Segment Start: RECORD EXCERPTS
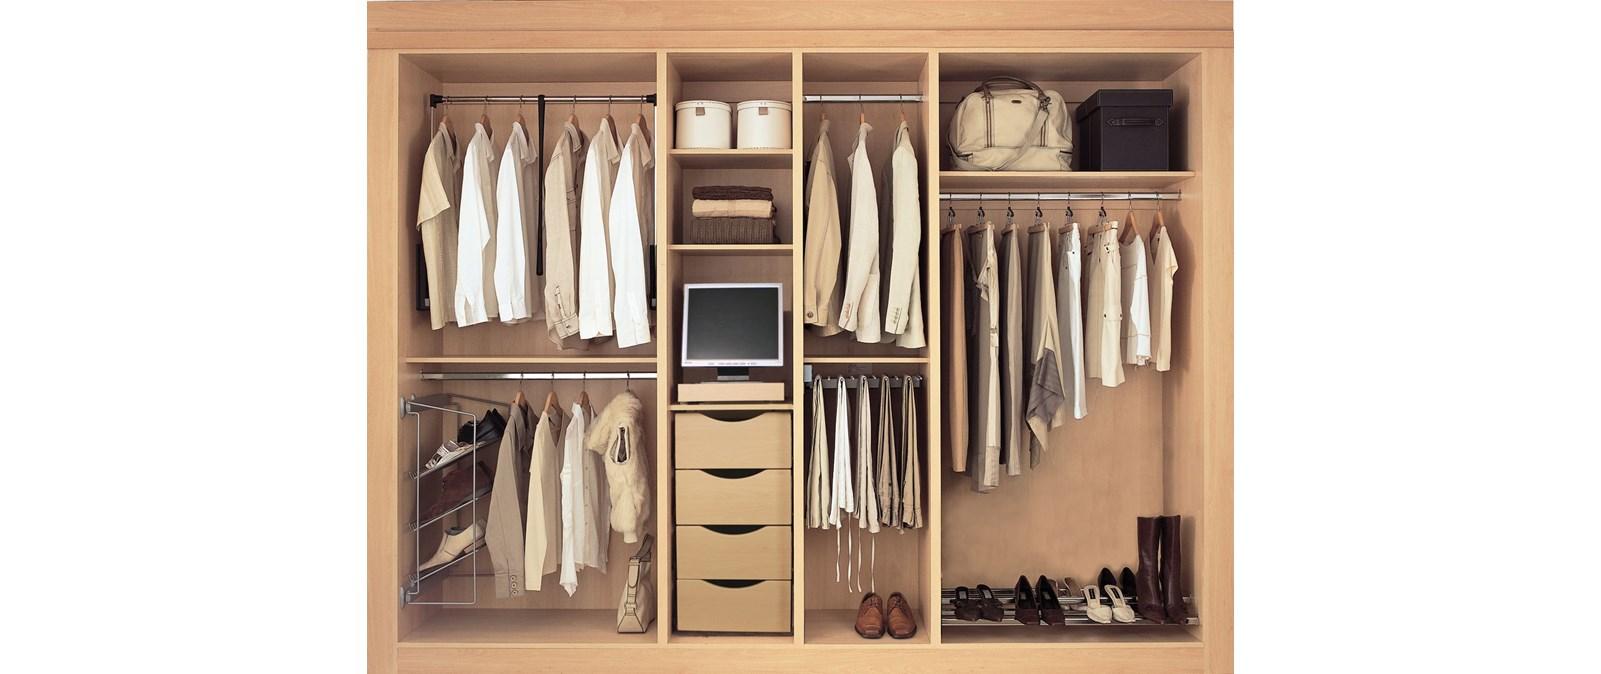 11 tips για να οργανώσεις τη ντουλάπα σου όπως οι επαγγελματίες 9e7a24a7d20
Segment End: RECORD EXCERPTS
Segment Start: RECORD EXCERPTS
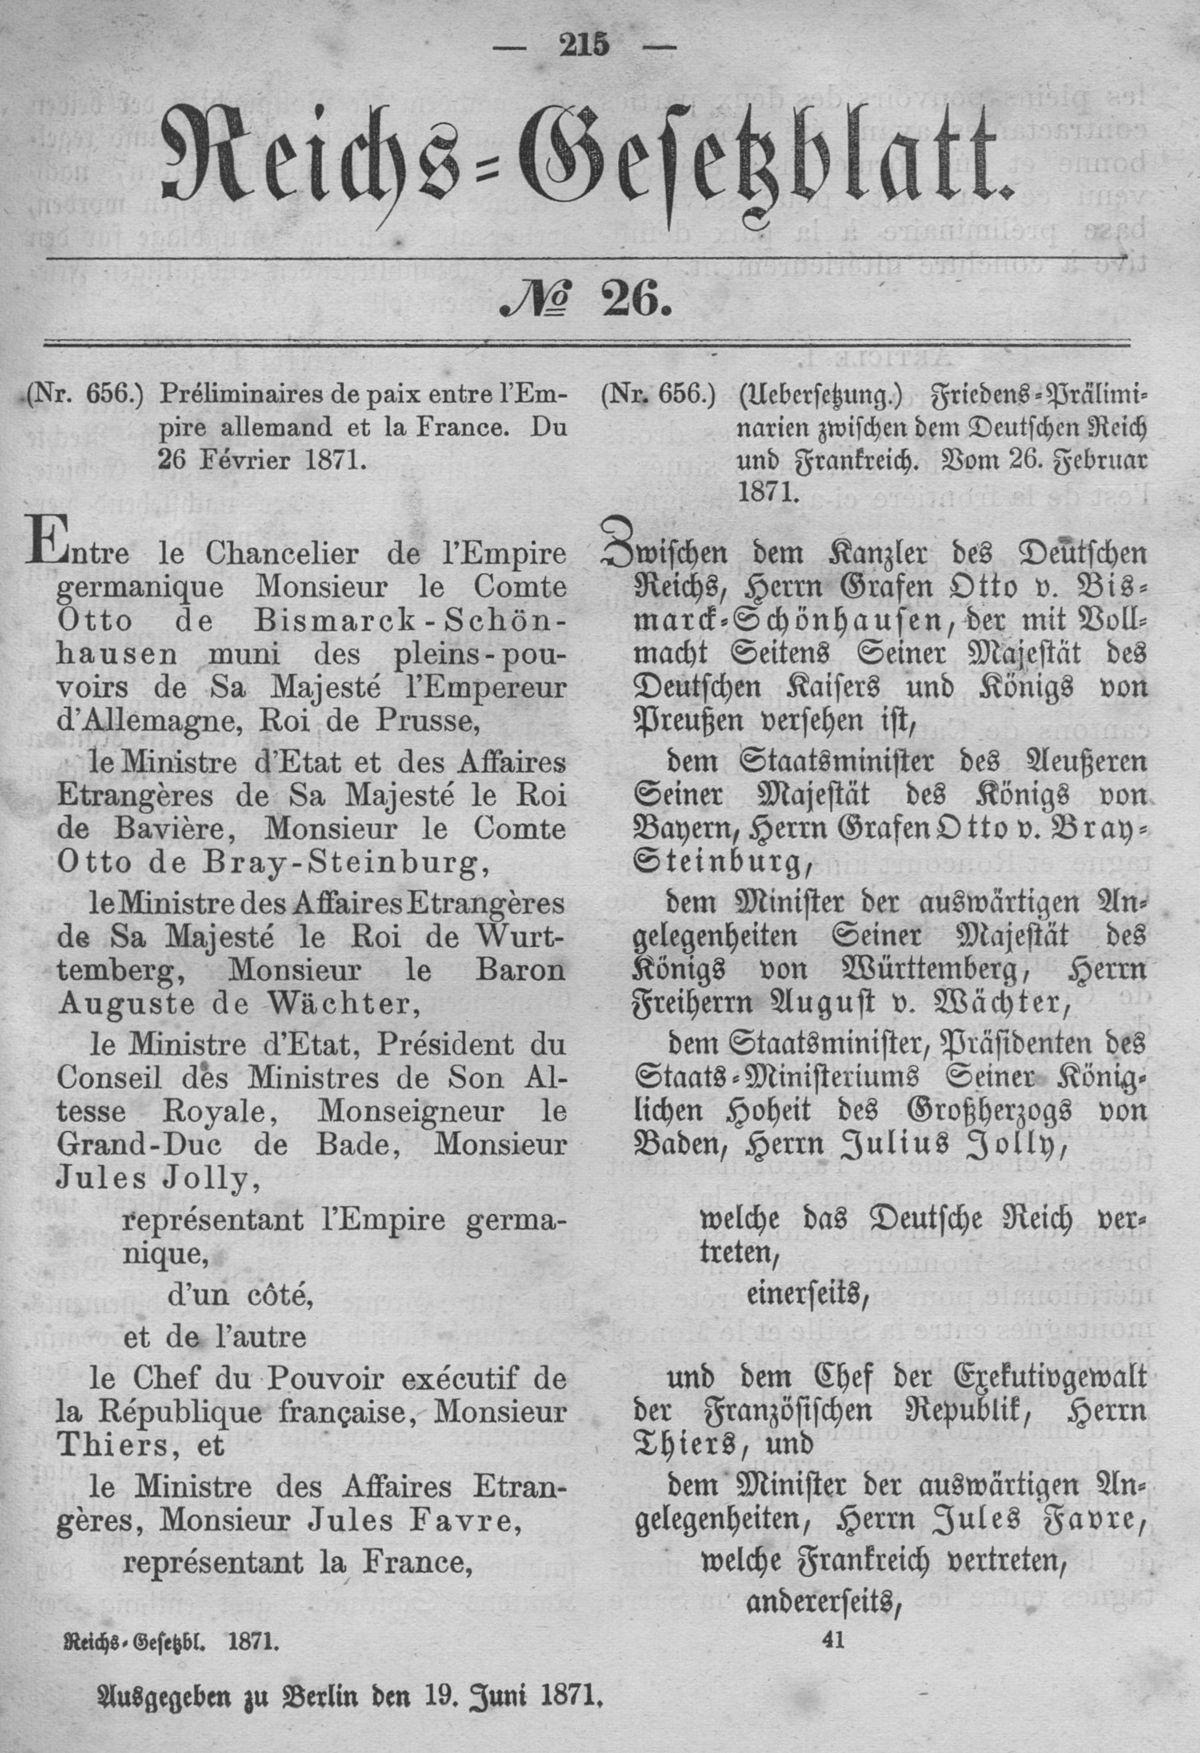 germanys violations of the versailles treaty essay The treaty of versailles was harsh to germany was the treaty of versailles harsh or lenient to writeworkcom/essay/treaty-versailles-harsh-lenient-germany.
Segment End: RECORD EXCERPTS
Segment Start: RECORD EXCERPTS
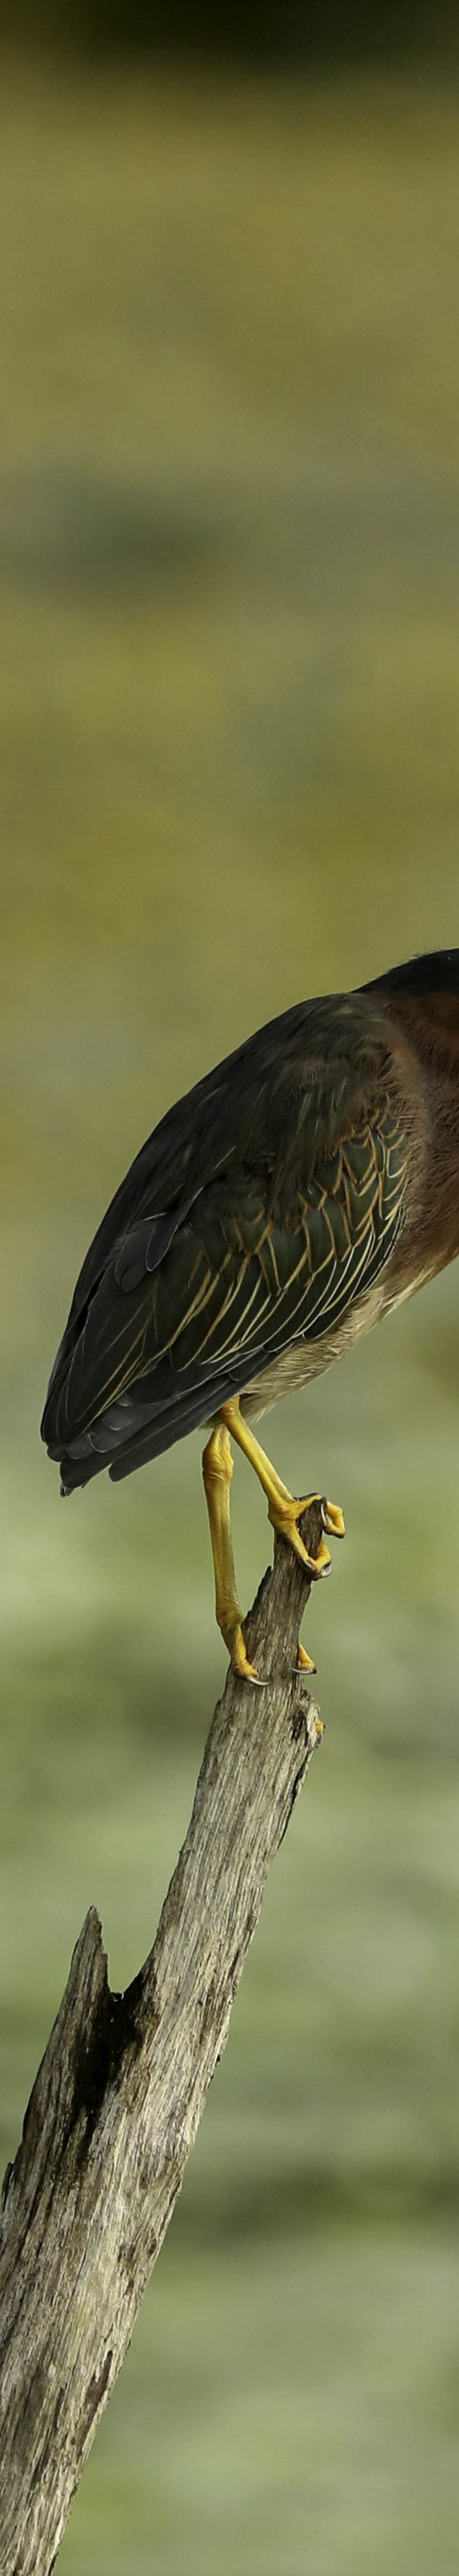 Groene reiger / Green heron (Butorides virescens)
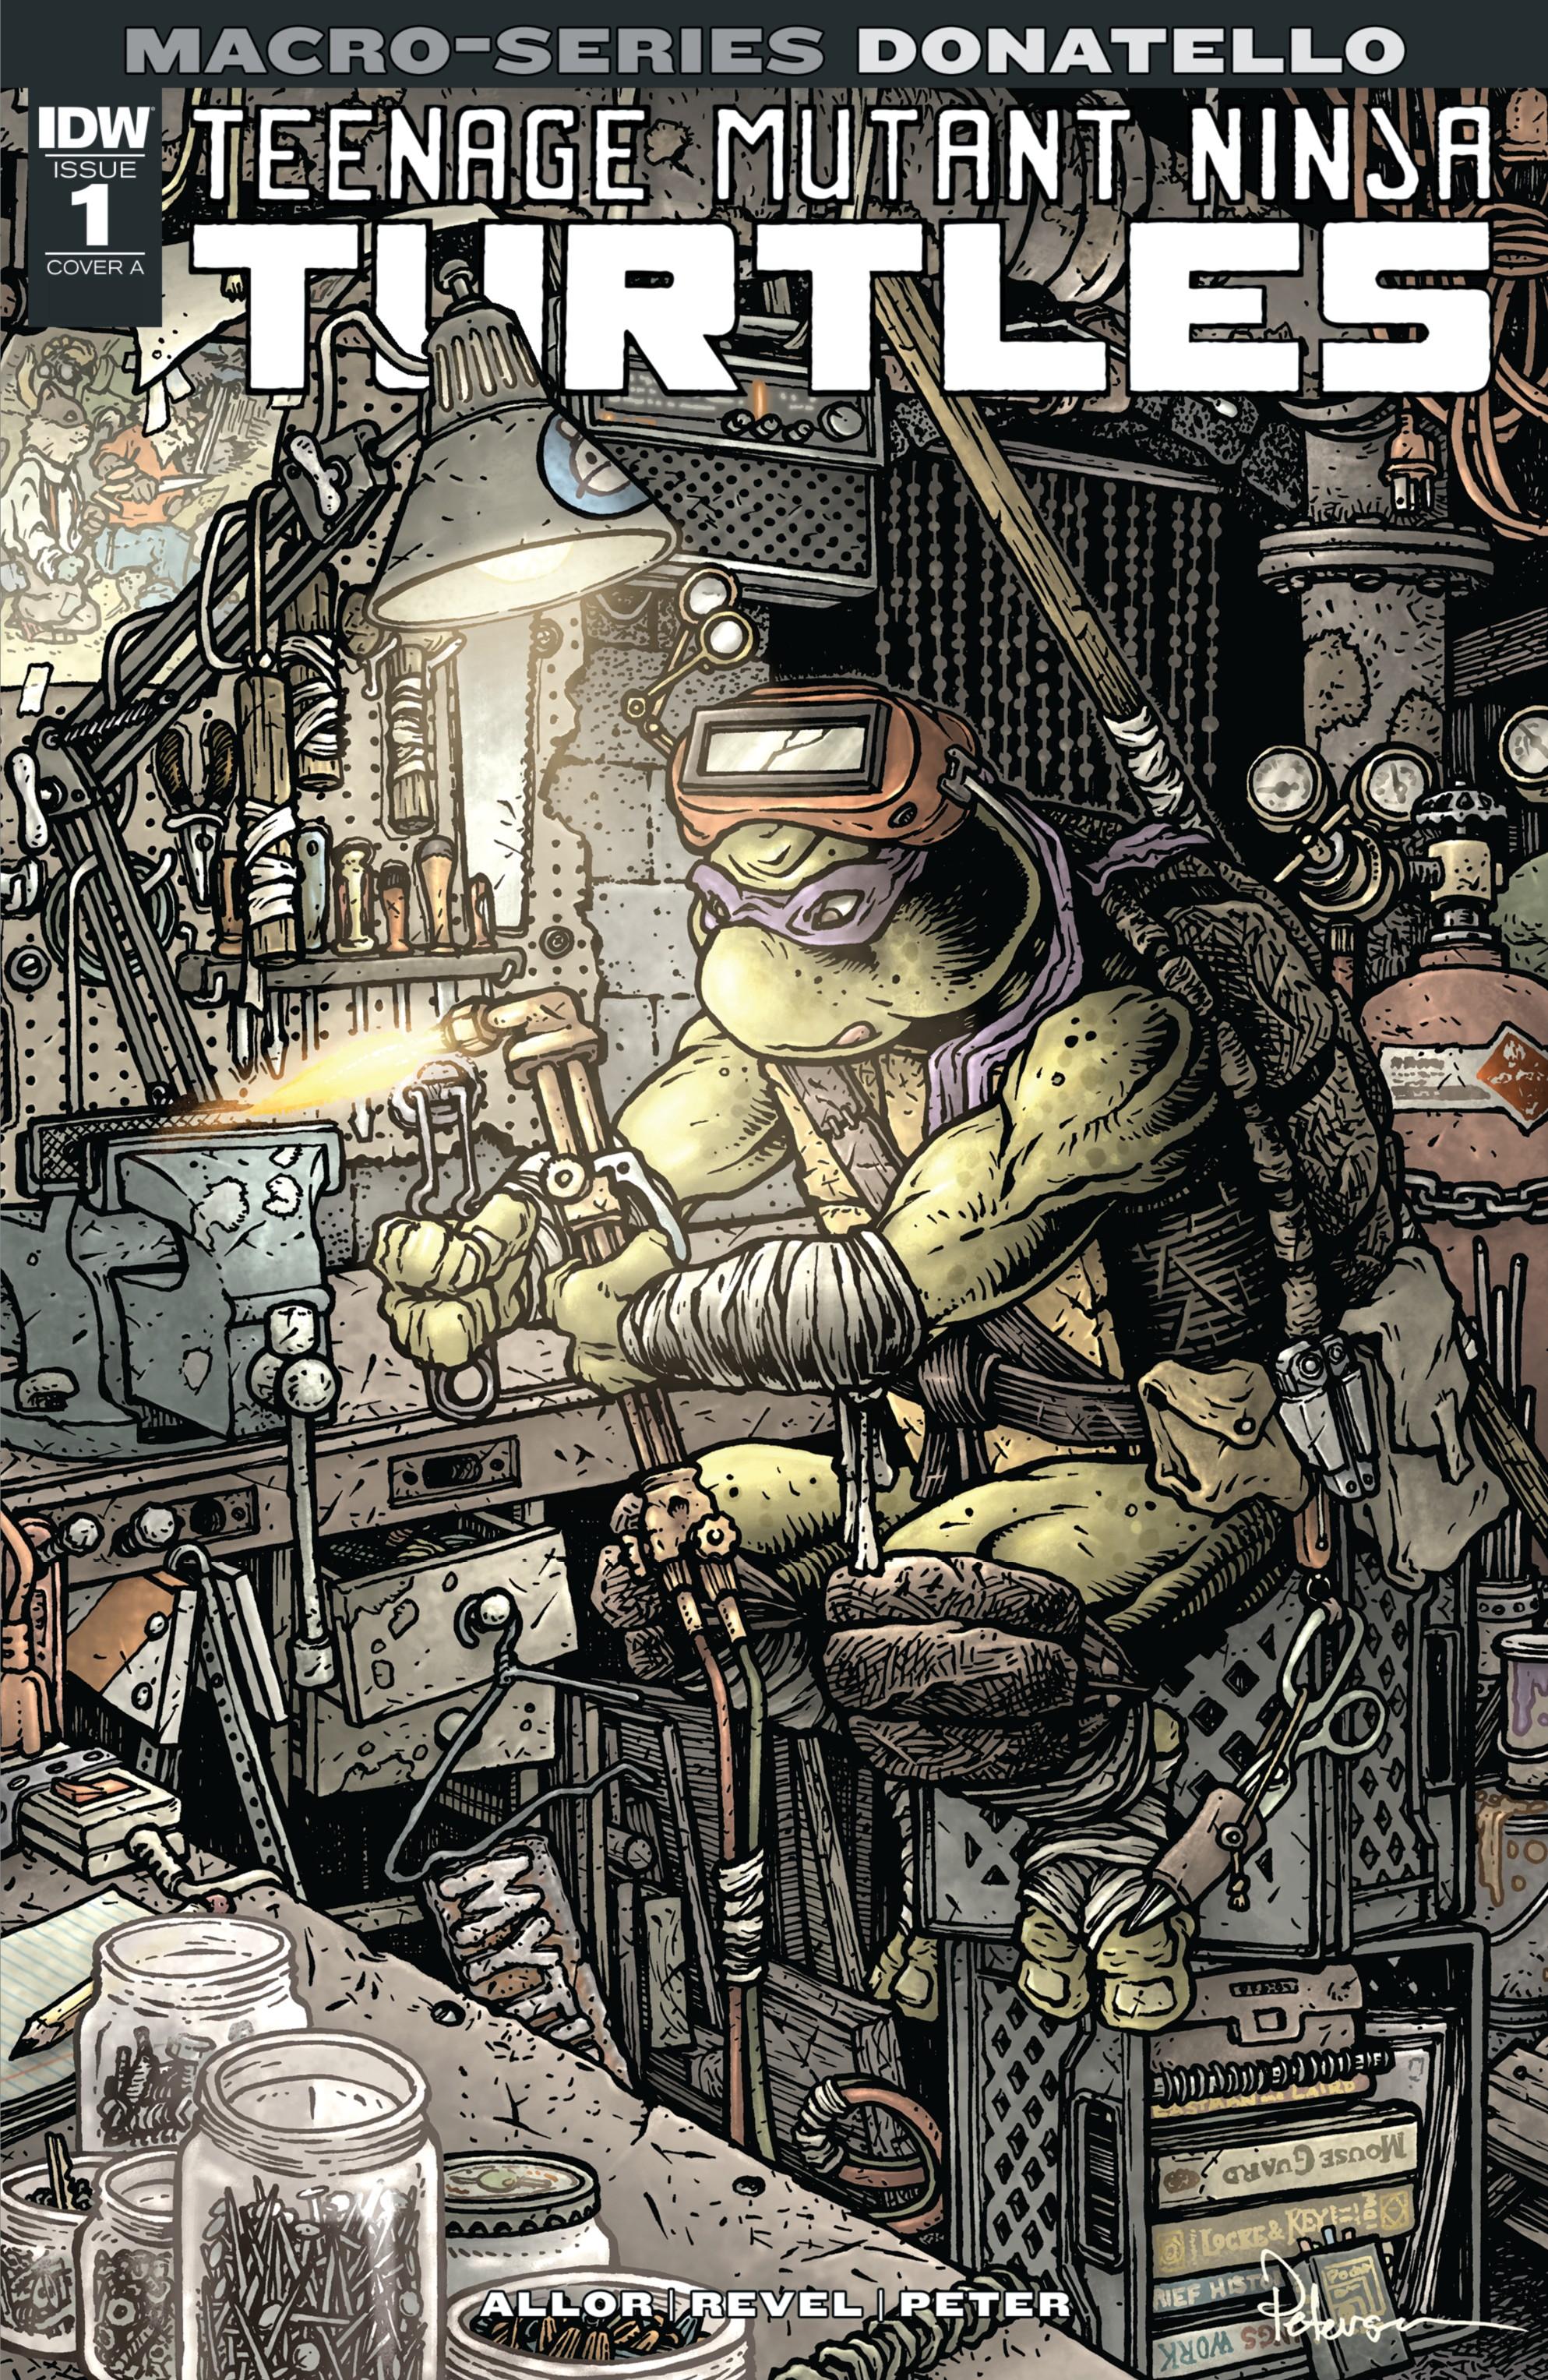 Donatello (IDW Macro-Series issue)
Segment End: RECORD EXCERPTS
» INSTRUCTIONS FOR THE TASK:
Starting at the line above that contains "Groene reiger /", transcribe every line exactly through the line that contains "Donatello (IDW Macro-Series issue)", including that last one, and skip the pictures.

» RESULT OF THE EXERCISE:
 Groene reiger / Green heron (Butorides virescens)
 Donatello (IDW Macro-Series issue)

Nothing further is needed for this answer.